For inference you want grad mode off so the Tape does not record the forward, and the loss tensor is not allocated with a gradient buffer.

x_test = x_test[:8]
with ag.no_grad():
    out = model(x_test).to_host()       # (8, 10) logits
pred = out.argmax(axis=1)

no_grad (or its functional twin set_grad_enabled(False)) skips the recording pass on every op; the output Tensor is the same shape and dtype as in training but its grad slot is never allocated.

7. Save and Load the Model

save_model writes a single self-contained .netcl file (a NumPy .npz) holding every parameter and a sidecar JSON describing the model architecture.

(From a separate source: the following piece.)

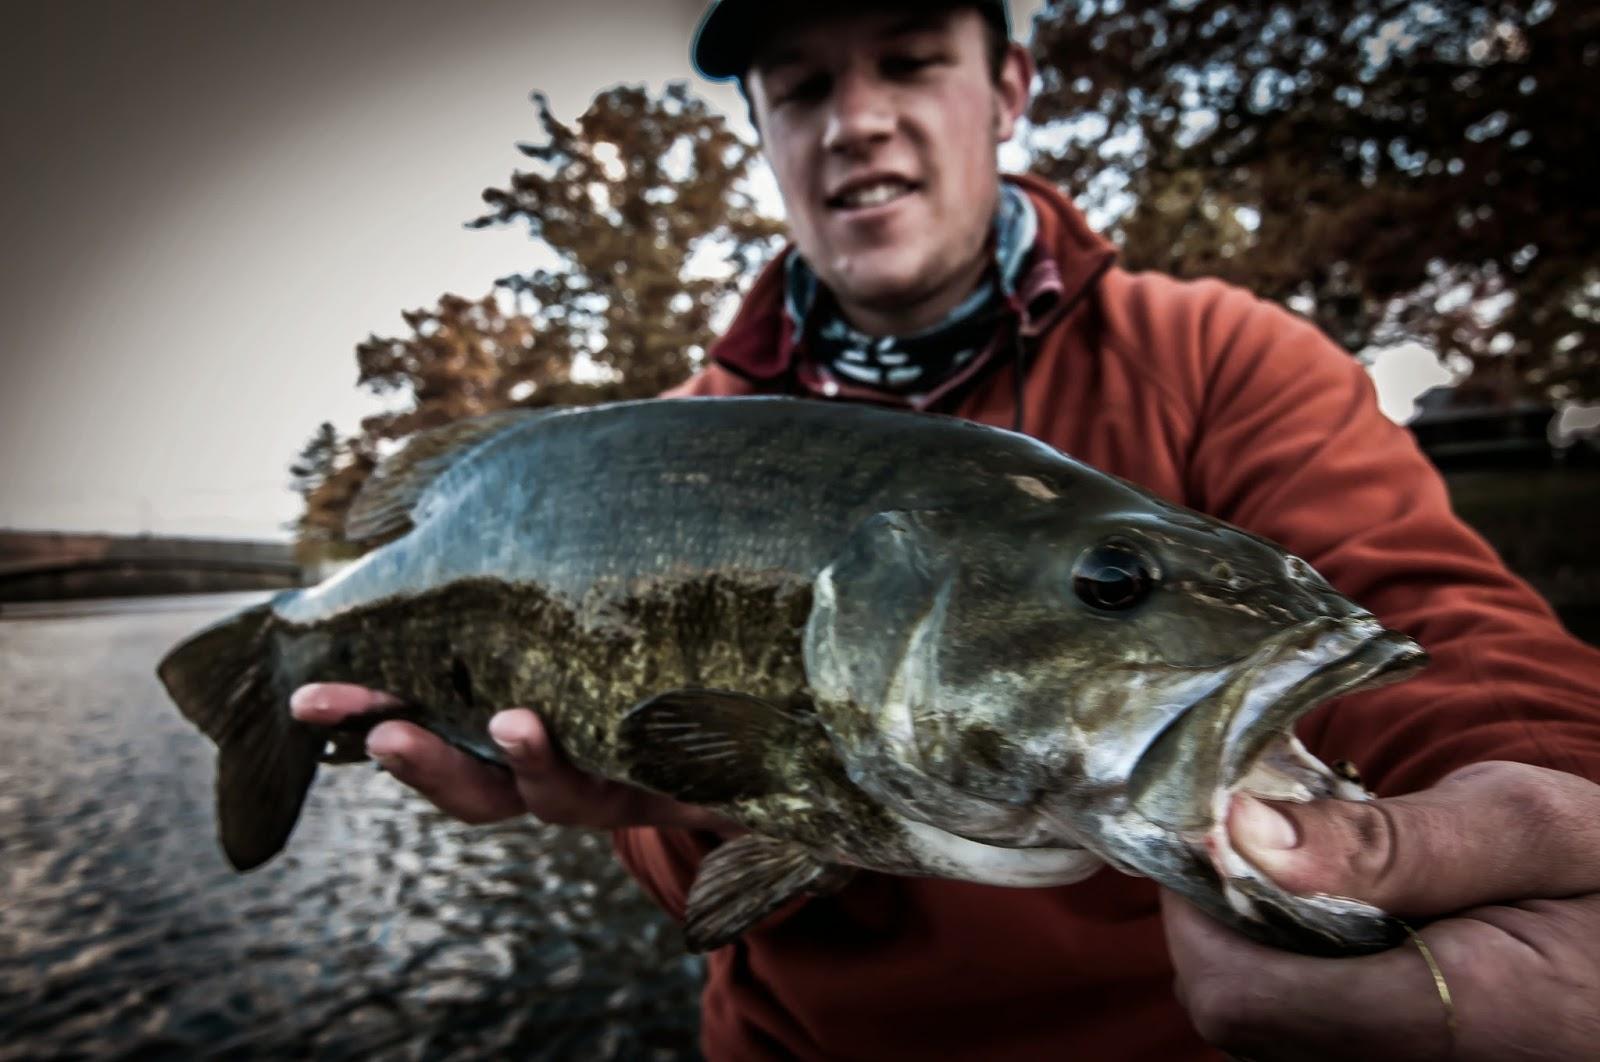 PA Smallmouth Bass

from netcl.io import save_model, load_model

save_model(model, "mnist_mlp.netcl")

# In a fresh process:
model = load_model("mnist_mlp.netcl")

The file format is documented in detail on the io page; the short version is that each parameter becomes a {layer_index}:{state_dict_key} entry, and the __netcl_meta__ entry carries the model type, layer config, and version. load_model is backwards-compatible with older two-file layouts (.json + .npz) and silently keeps the freshly-built layer's initialization for any missing key.

Troubleshooting

The narrative version:

NaN loss from step 1. The two usual culprits are (a) the learning rate is too high for the AdamW defaults — try lr=3e-4 or lr=1e-4, and (b) mixed precision on a device that does not advertise cl_khr_fp16. Disable AMP by setting amp.autocast(enabled=False) and GradScaler(enabled=False); if the NaNs go away, your device does not support fp16 and the autocast probe was bypassed.
Very slow first step, then normal speed. The first call to a function decorated with @jit_compile runs the JIT pass — it traces the op chain, generates an OpenCL kernel pair, and waits for the device to build it. This can take 200–800 ms the first time per unique shape; subsequent steps reuse the cached program. The JIT Compiler page explains the warm-up budget.
Crash on Windows with clBuildProgram failure or a black-screen driver reset. The AMD/NVIDIA OpenCL driver is older than the ICD that netcl was tested against. Update the vendor driver first; if the issue persists, set NETCL_KERNEL_STRATEGY=portable to force the conservative kernel variants and try again. On Intel iGPUs, the OpenCL runtime is bundled with the GPU driver; install the latest one from the Intel Arc & Iris Xe Graphics driver page.
RuntimeError: detect_anomaly: Gradient w.r.t. parent N of op 'X' contains NaN or Inf. This is the detect_anomaly diagnostic firing. It compares the analytical gradient (the kernel chain) against a finite-difference check. The error message includes the creation_trace of the offending Node, so jump to the frame it points at. Most often the cause is a divide-by-zero in a custom op, or an eps that is too small in a normalization.
Loss is stuck near log(10) ≈ 2.30. The model is not learning at all. Check that the DataLoader shuffle=True and that transforms=[normalize(...)] is being applied (a typo in the filter name silently falls back to the identity).
save_model is much larger than expected. MLP only has ~236 K parameters (~944 KB at fp32); if your file is tens of MB, you are probably saving the full Optimizer state as well — use save_params from netcl.io.checkpoint for a raw NPZ of just the weights.